Table 1 GAGE applied to the two lung cancer datasets of large sample sizes
Table 2 Comparison between GAGE, PAGE and GSEA results from the two lung cancer datasets

Several major mechanistic themes predictive of poor clinical outcomes emerged from the list of top gene sets inferred by GAGE. These themes included G-protein coupled receptors (GPCRS) associated signals (sets 1, 2, 6, 9, 10 of Boston and sets 1, 2, 7 of Michigan in Table 1), thrombosis or blood coagulation activation (sets 3, 4, 5, 8 of Boston and set 8, 10 of Michigan in Table 1), and hormone and cytokine (sets ranking >10 of Boston not shown, and set 3, 4, 9 of Michigan in Table 1). Indeed, G-protein-coupled receptors, the largest family of cell-surface molecules involved in signal transmission, have emerged as crucial players in the growth and metastasis of multiple human cancers [24, 25]. Thrombosis or blood coagulation activation has been implicated in the disease and is an predictor for poor survival rates for lung cancer patients [26, 27]. Androgen level and cytokine profiles influence clinic outcomes of non-small cell lung cancer [28, 29]. All these factors are likely the major causal or contributing mechanisms for non-small cell lung cancer progress and metastasis.

We also applied GAGE, PAGE and GSEA to another large dataset describing type 2 diabetes progression that was analyzed by GSEA [4] and PAGE [5] previously (Additional file 1: Supplementary Table 6–7 and Supplementary Note 2). This comparison performed similarly to the cancer study mentioned above. In particular, GAGE pinpointed multiple experimental sets and canonical pathways which are directly involved in type 2 diabetes or closely related metabolism processes.

Application to small datasets with PAGE and GSEA-g (GSEA with gene permutation option) as control methods

We applied GAGE and PAGE to a microarray dataset generated by our group to select the most differentially expressed gene sets in human mesenchymal stem cells (MSC) upon BMP6 treatment (Table 3 and 4, Additional file 1: Supplementary Table 8). The dataset contains a total of 4 gene chip measurements from duplicate experiments each with paired measurements of human MSC with or without 8 hours BMP6 treatment. Note that GSEA by default is not applicable to this dataset because the sample size is too small for permutation based inference. However, GSEA with gene labels permutation option (GSEA-g) works. Since GSEA-g does not implement the sample randomization strategy recommended by the authors [3], we focus on comparing GAGE to PAGE here (Table 4, Additional file 1: Supplementary Table 9–10). GAGE conducts one-on-one comparisons, hence was applied to each of the two BMP6 experiments individually (Table 3). For an exact comparison, PAGE was slightly modified to enable one-on-one comparisons (Additional file 1: Supplementary Table 8). The GSEA software took multiple samples per condition hence not applicable to the experiments individually (Additional file 1: Supplementary Table 9).

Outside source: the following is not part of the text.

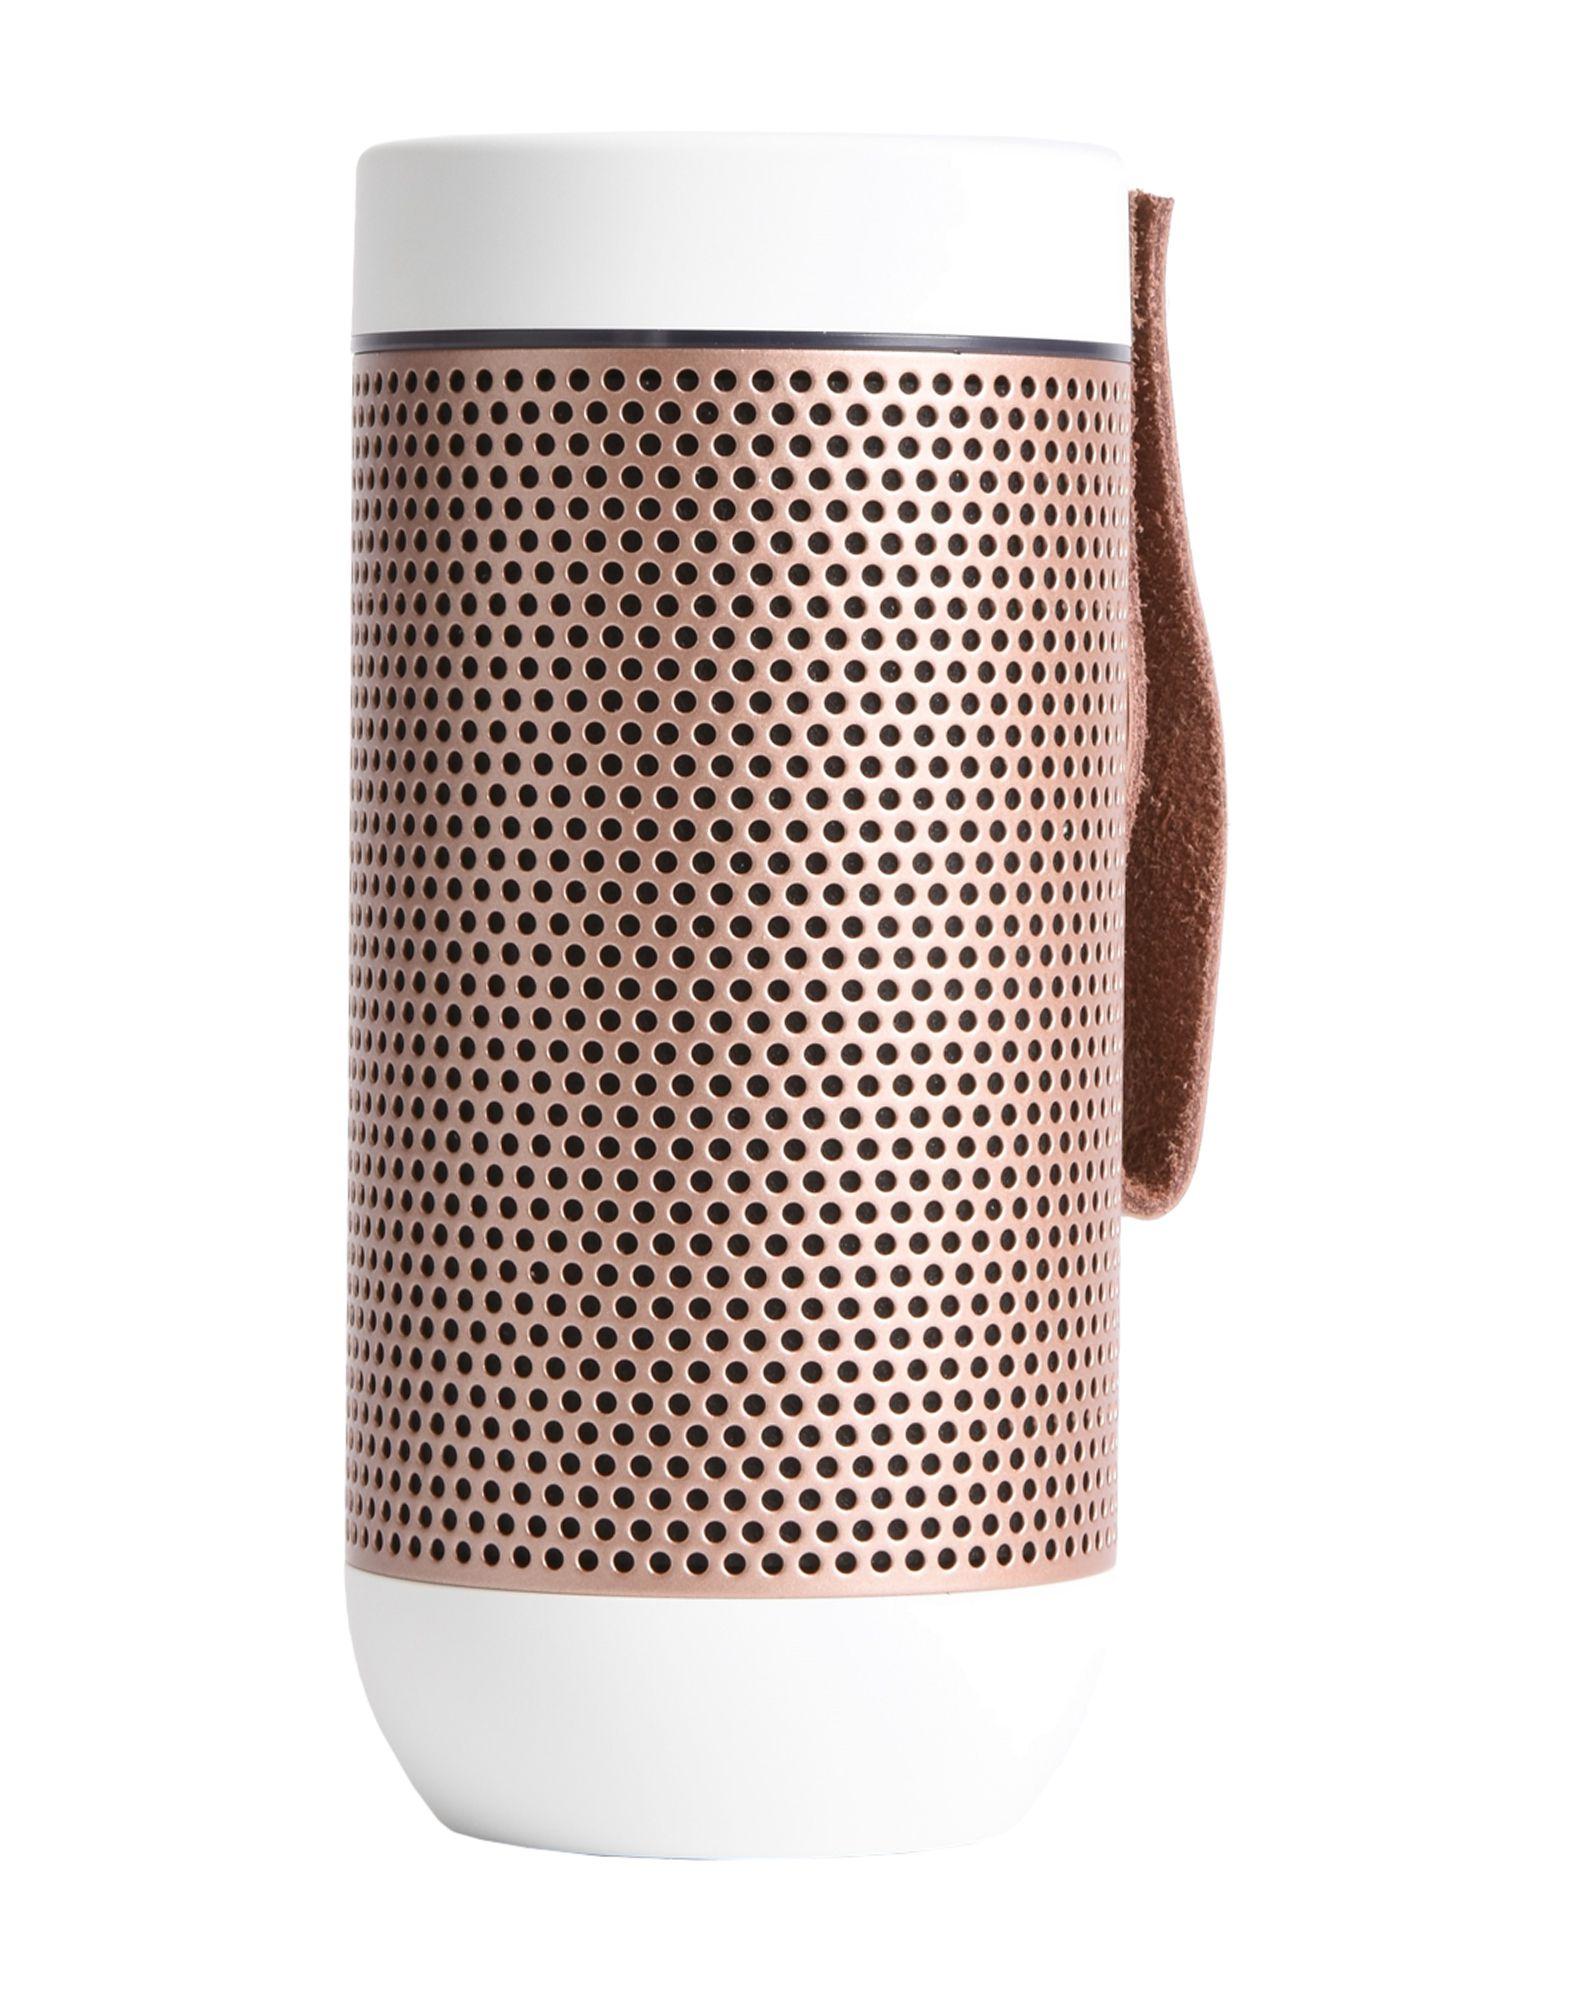 KREAFUNK Аудио soaiy saaiy sa 115 улучшен аудио аудио аудио домашний кинотеатр беспроводной bluetooth эхо стена soundbar audio

Table 3 GAGE applied to the BMP6-MSC dataset of small sample size
Table 4 Comparison between GAGE, PAGE and GSEA-g results from the BMP6-MSC dataset

Using a p-value cutoff of <0.01, GAGE identified fewer gene sets than PAGE (Table 4). GAGE identified 39 significant experimental sets and 7 canonical pathways (Additional file 2). There were only 17 significant experimental sets and 4 canonical pathways (Additional file 2) after removing the redundancy among gene sets, which is reasonable number of pathways triggered by a single perturbation in a single cell line. In contrast, PAGE called 745 significant experimental sets and 187 significant canonical pathways. Most significant genes sets selected by PAGE were not significant according to GAGE using the same cutoff p-value (full result tables not shown). After removing the redundancy in these sets, there were more than 200 and 40 non-redundant experimental sets and canonical pathways respectively (not shown, Additional file 1: Supplementary Note 3). Presumably, PAGE made a large number of false positive calls. Similar differences between GAGE and PAGE were observed for the two lung cancer datasets and the type 2 diabetes dataset (Table 2 and Additional file 1: Supplementary Table 7). This difference came from the different statistical tests used by GAGE and PAGE, i.e. two-sample t-test vs one-sample z-test (detailed in the subsection of 'Dissection of major strategies employed by GAGE'). GSEA-g gave p-values and a predicted number of significant gene sets comparable to GAGE when nominal p-values were used (Table 4 and Additional file 1: Supplementary Table 9, full Table not shown).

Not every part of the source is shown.